When the program reaches the maximum time or the maximum number of steps (which are specified in dns.in), execution is interrupted and the last instant of time of the simulation is written to Dati.cart.out. So, if the previous simulation did reach maximum time or maximum iterations, the simulation can be restarted by just changing time_from_restart to .TRUE. in dns.in (also possibly increasing t_max in dns.in). The user does not have to manually modify Dati.cart.out.

However, if the previous run of the simulation did not reach either of the maximum time of the maximum iterations (for instance, if the simulation was stopped with CTRL+C or because of the wall-time limit on a cluster), the program will not update Dati.cart.out - which will remain the one of the previous simulation. So, if the user does not change Dati.cart.out, the new run will be in fact a repetition of the previous run. To avoid this, it is suggested that the user copies the last valid Dati.cart.xx.out to Dati.cart.out (making sure that such file is not corrupted, which is, that execution wasn't stopped while such file was being written). The simulation will start then from the time of Dati.cart.xx.out; we will call this time Tx.

Notice that the Runtimedata file will contain data about timesteps which come after Tx (because Runtimedata is written at each time step, and the previous run most likely performed quite some time steps after writing Dati.cart.xx.out). The program automatically recognises this: data at times greater than Tx are deleted from Runtimedata, and then the program simply continues to append to such file as usual.

This program is parallelised with distributed memory, meaning that computations are divided among different processes which communicate one with each other; each process has access to only a limited portion of data. More specifically, the simulation domain is divided into parts, each of which is given to a different process. Partitioning of the domain can be done:

  1. in the statistically homogeneous x and z directions (both wall-parallel);
  2. in the wall-normal direction y. The number of subdivisions in the x/z directions is stored in variable npxz; the number of subdivisions in the wall-normal direction y is instead stored in npy. The total number of processes is thus:
number_of_proc = npxz*npy

where npy is specified in dns.in, whereas npxz is automatically calculated from the number of processes.

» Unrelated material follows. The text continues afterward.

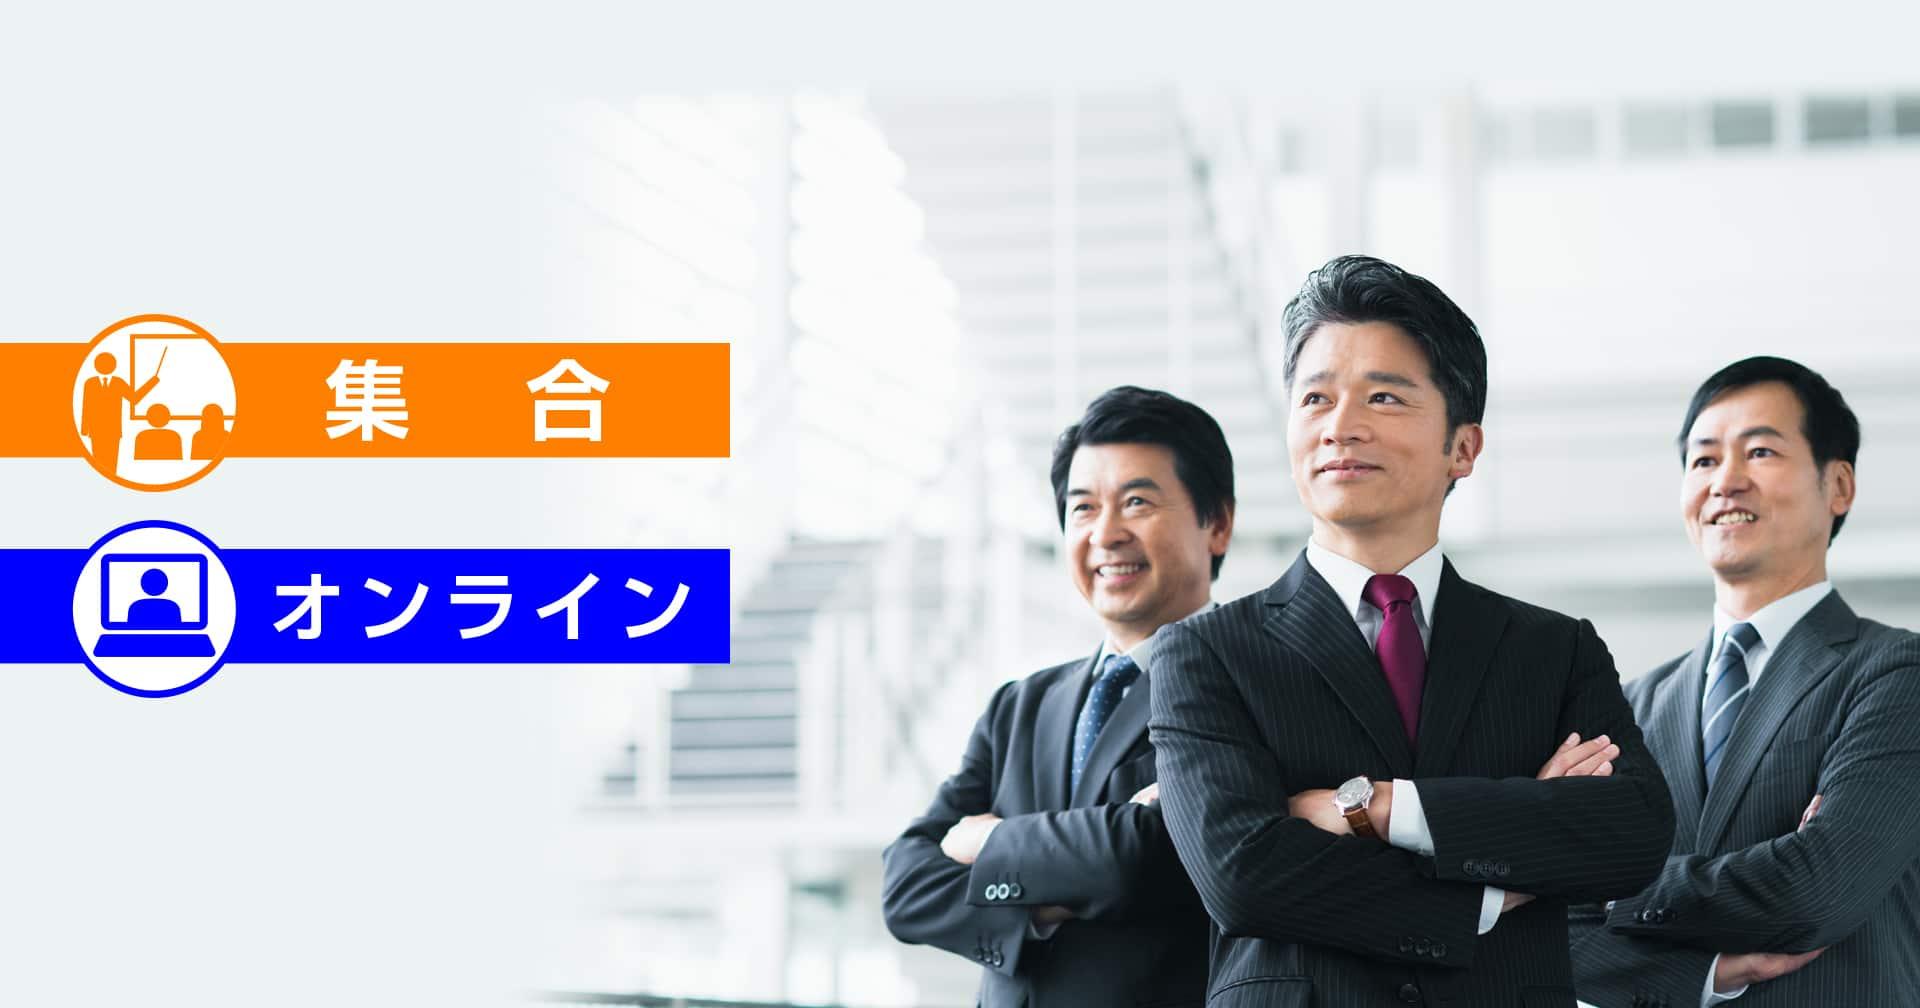 【集合研修】部長研修 部長力強化コース(2日)
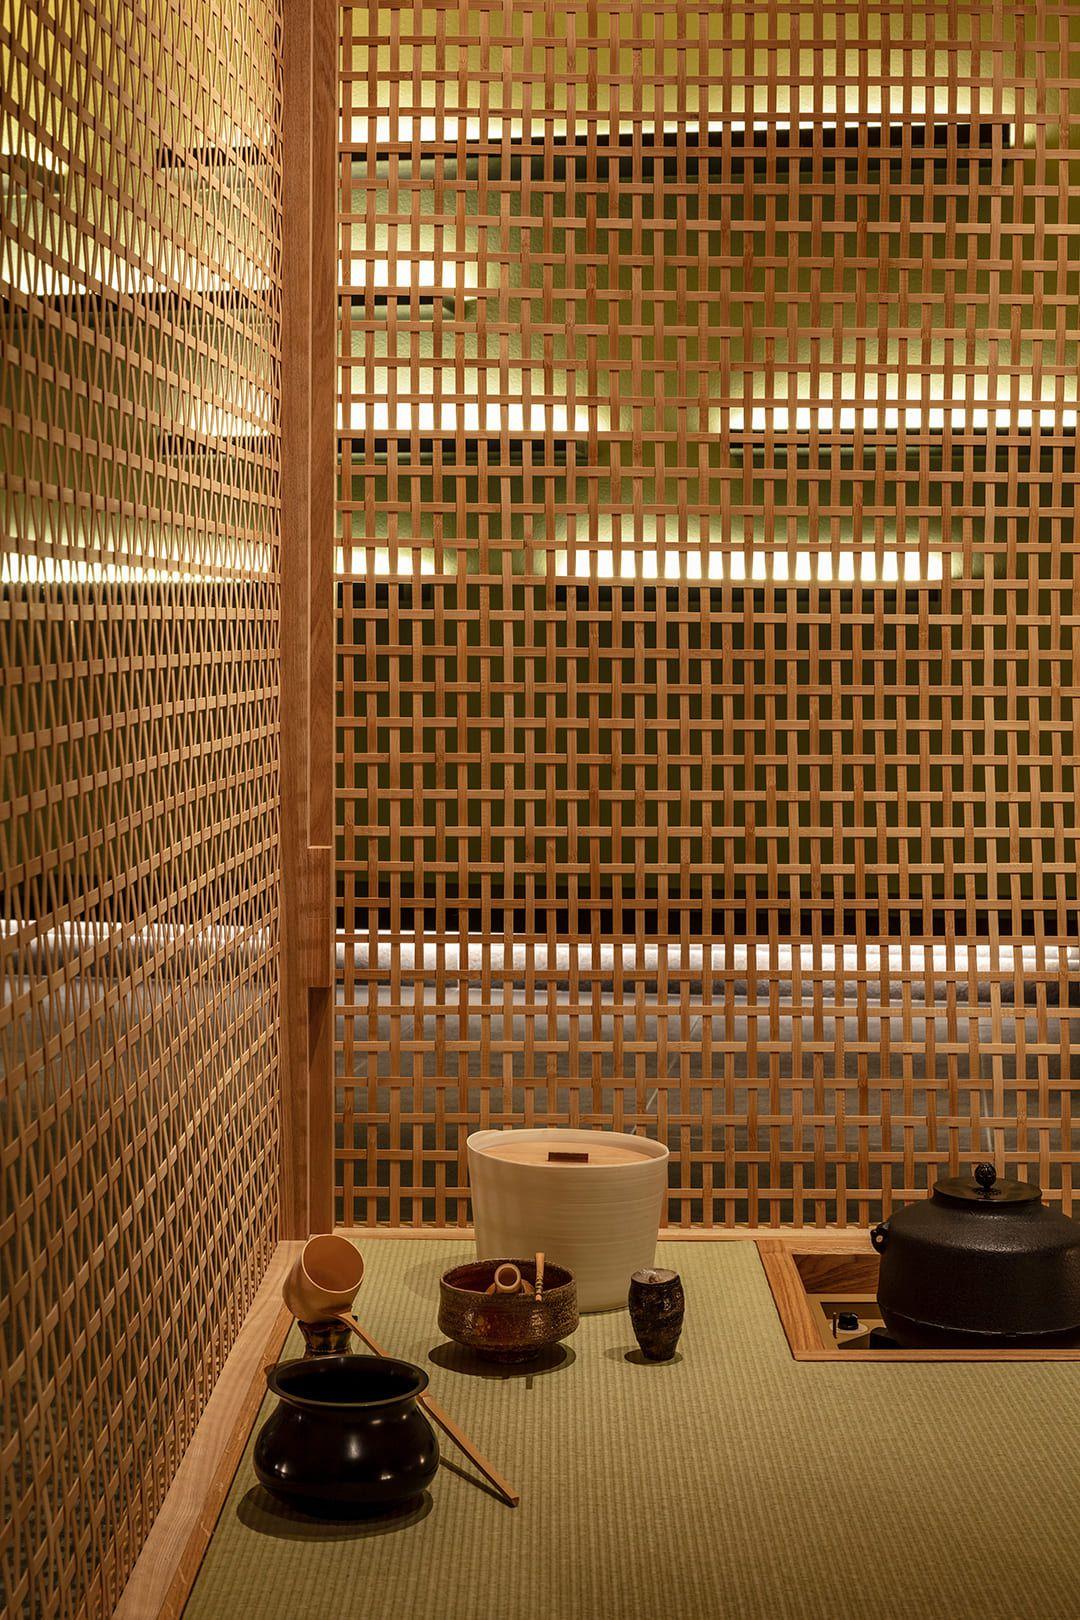 光の扱い、オブジェの位置など、茶道を例とする配置の精緻さが表現されている茶室

The number of processes is specified when the program is called. See input files and running.

The main program channel must be run with mpi, in the following fashion:

mpirun -np number_of_proc /path/to/channel

where number_of_proc is indeed the number of processes used for parallel execution and must be specified by the user. The user thus specifies npy and number_of_proc; the program thus calculates npxz (see parallelisation for more on npxz and npy). The total number of processes must be chosen so that npxz is a divisor of nx+1 and nzd; nzd is printed out at the beginning of execution.

Hint: nzd is always a power of 2 multiplied by 3; no other prime factors appear.

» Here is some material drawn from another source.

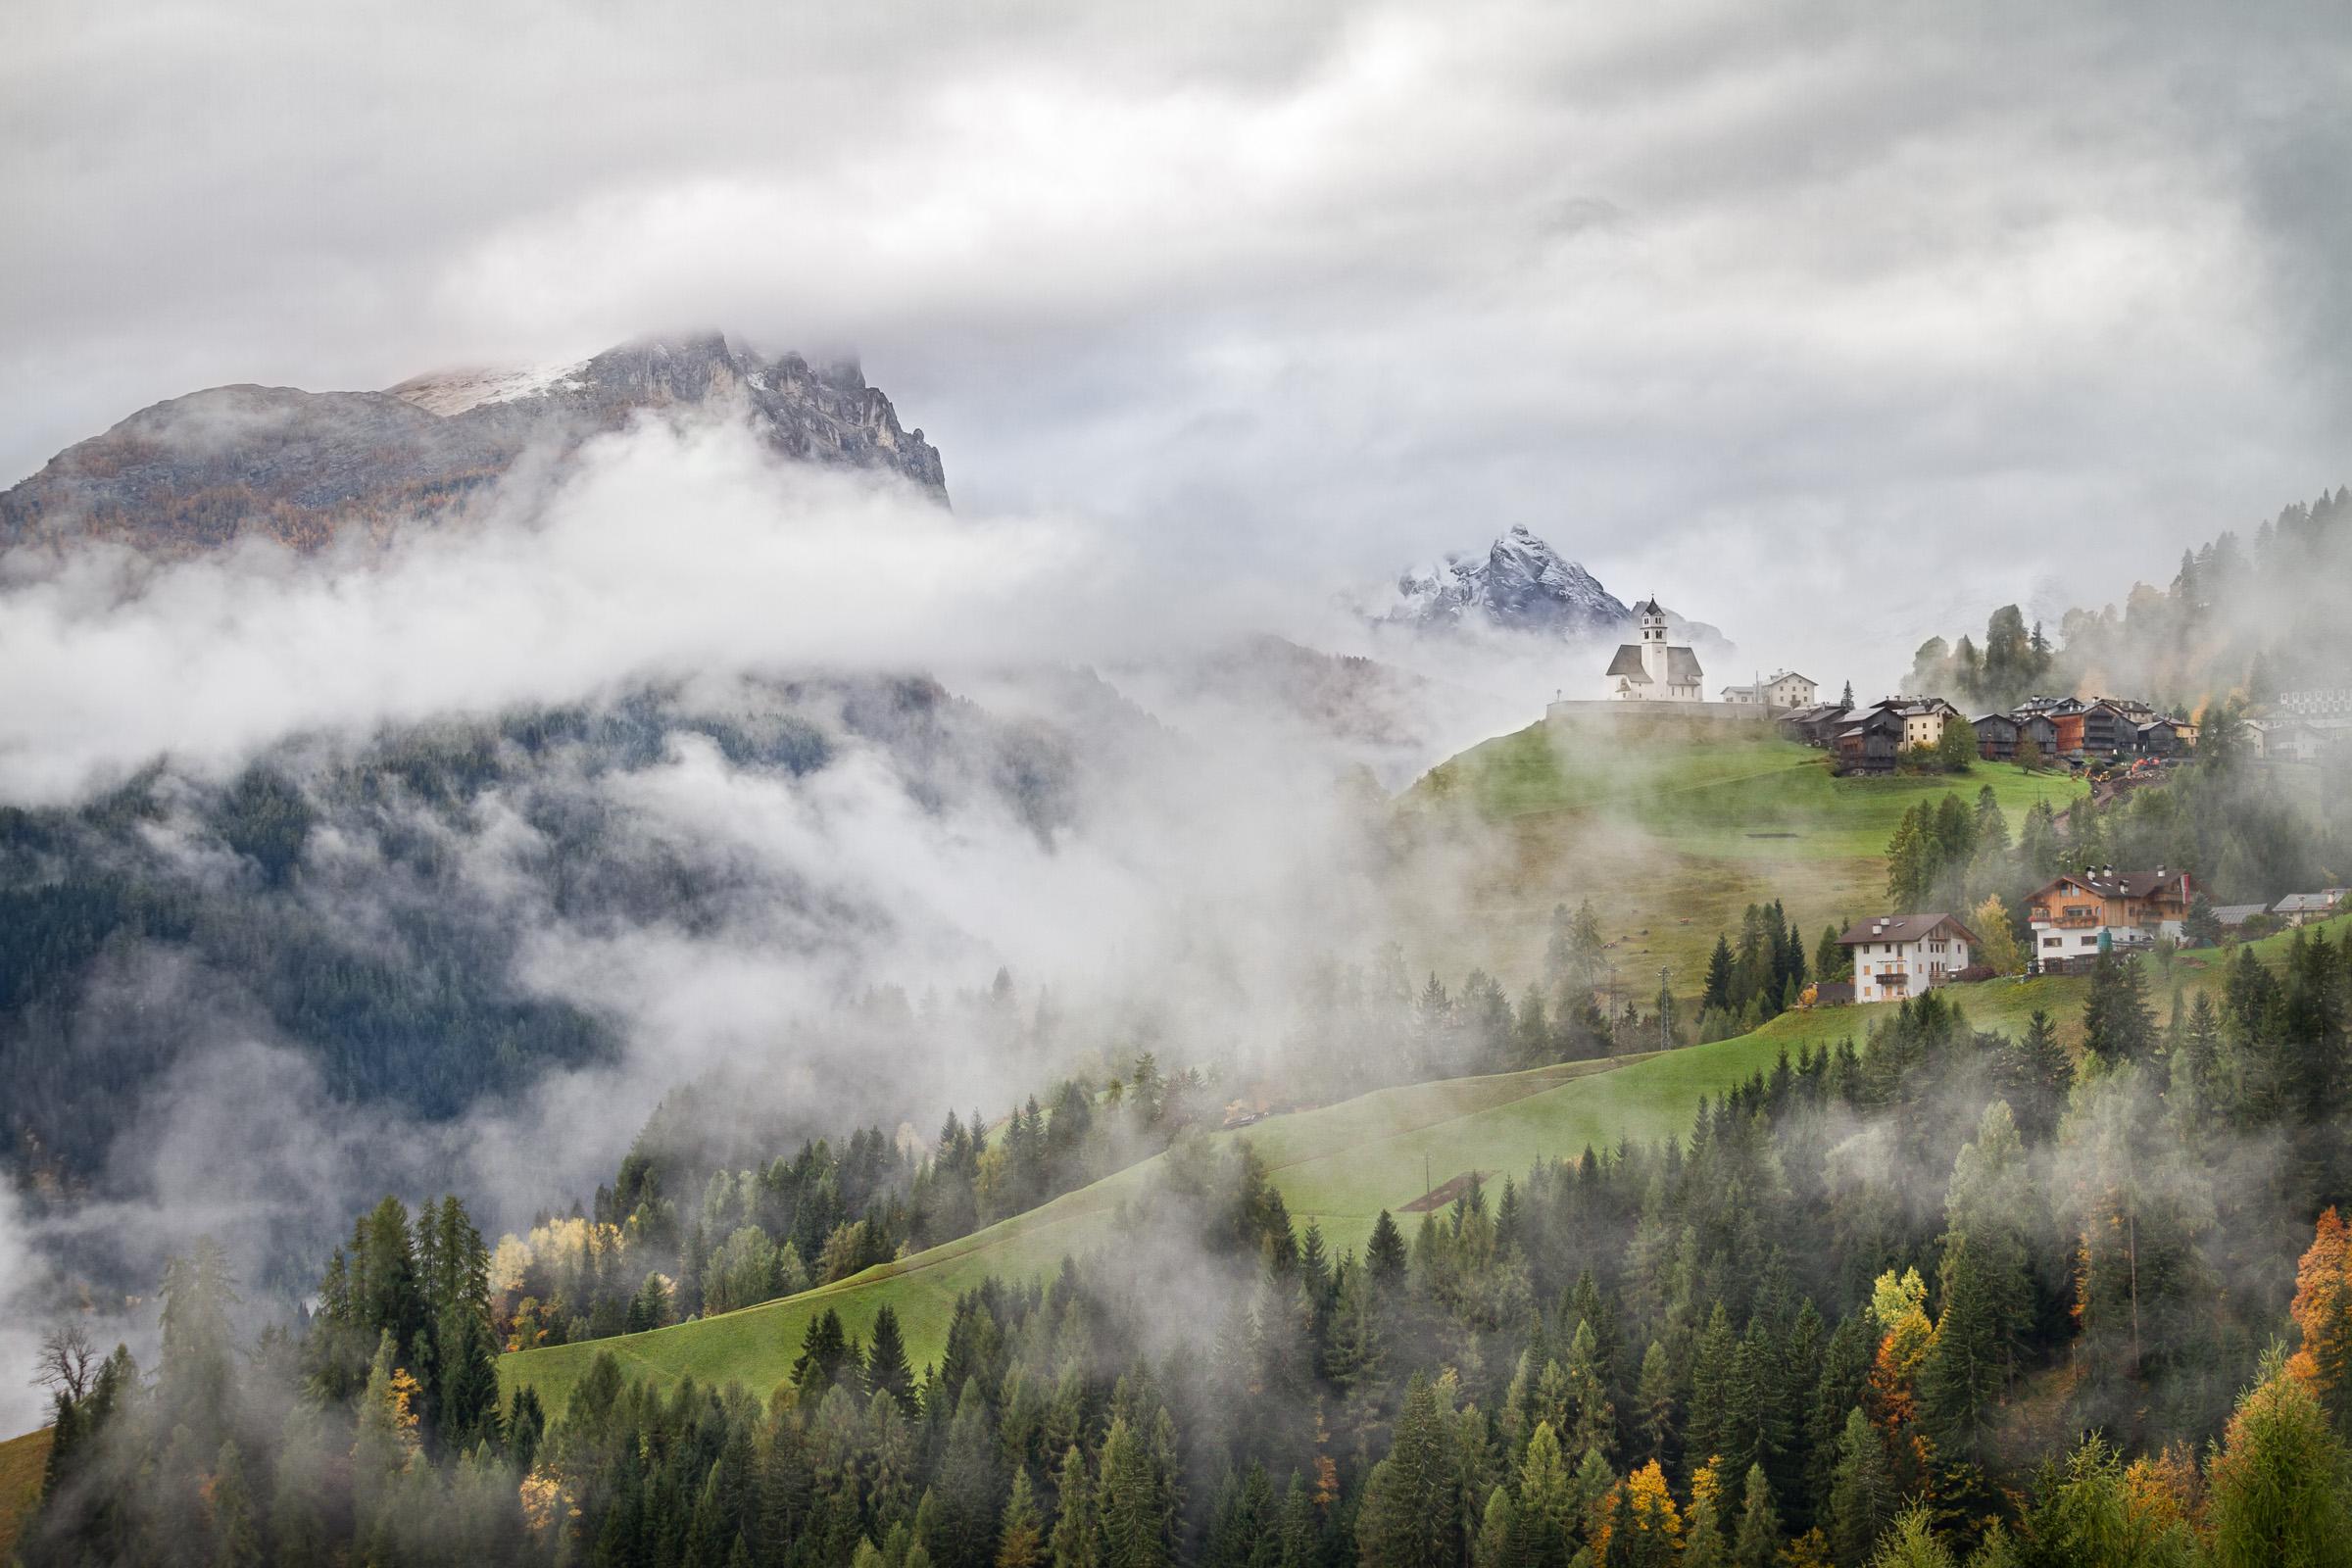 Colle di Santa Lucia, Dolomites, Italy

The user starts the program channel in a generic directory; we will refer to this directory as CWD (current working directory). This program stores all output files in CWD. These files are:

  • the Runtimedata file
  • a series of Dati.cart.ii.out files
  • additional files, depending on conditional formatting (missing doc; for instance, immersed boundaries or body-forcing terms)
  • a new version of Dati.cart.out which overwrites the one used to start the simulation; keep in mind that this is actually an input file. The new Dati.cart.out contains the last instant of time of the simulation, and gets written only if maximum time (t_max) or maximum iterations (n_max) are reached. Also read this.

Runtimedata is an ASCII file that gets written at each timestep; every line corresponds to an instant of time. Every column contains instead a different physical quantity. The column can be summarised as:

 time, dudy_bottom, dudy_top, dwdy_bottom, dwdy_top, fr_x, dpdx, fr_z, dpdz, XXX, deltat

Here we separated names by commas, but values in Runtimedata are actually only separated by spaces/tabs.

  • time quite obviously is the simulation time; units inferred from dns.in.
  • dudy_xxx and dwdy_xxx refer to the wall-normal gradients of the stream-wise (u) or span-wise (w) velocity components respectively; top and bottom correspond to the two different walls. Notice that data at the top wall is here changed in sign (so, at the top wall, -dudy is being written on Runtimedata).
  • fr_xxx refers to the flow rate in the stream- (x) or span-wise direction.
  • dpdx and dpdz are the pressure gradients in the stream- and span-wise directions respectively.
  • XXX I don't know what this is, seriously. FIXME
  • deltat is the difference between the next time (the time of the next line) and the current one.

Dati.cart.out and all the Dati.cart.ii.out files are binary. They contain a header and a velocity field.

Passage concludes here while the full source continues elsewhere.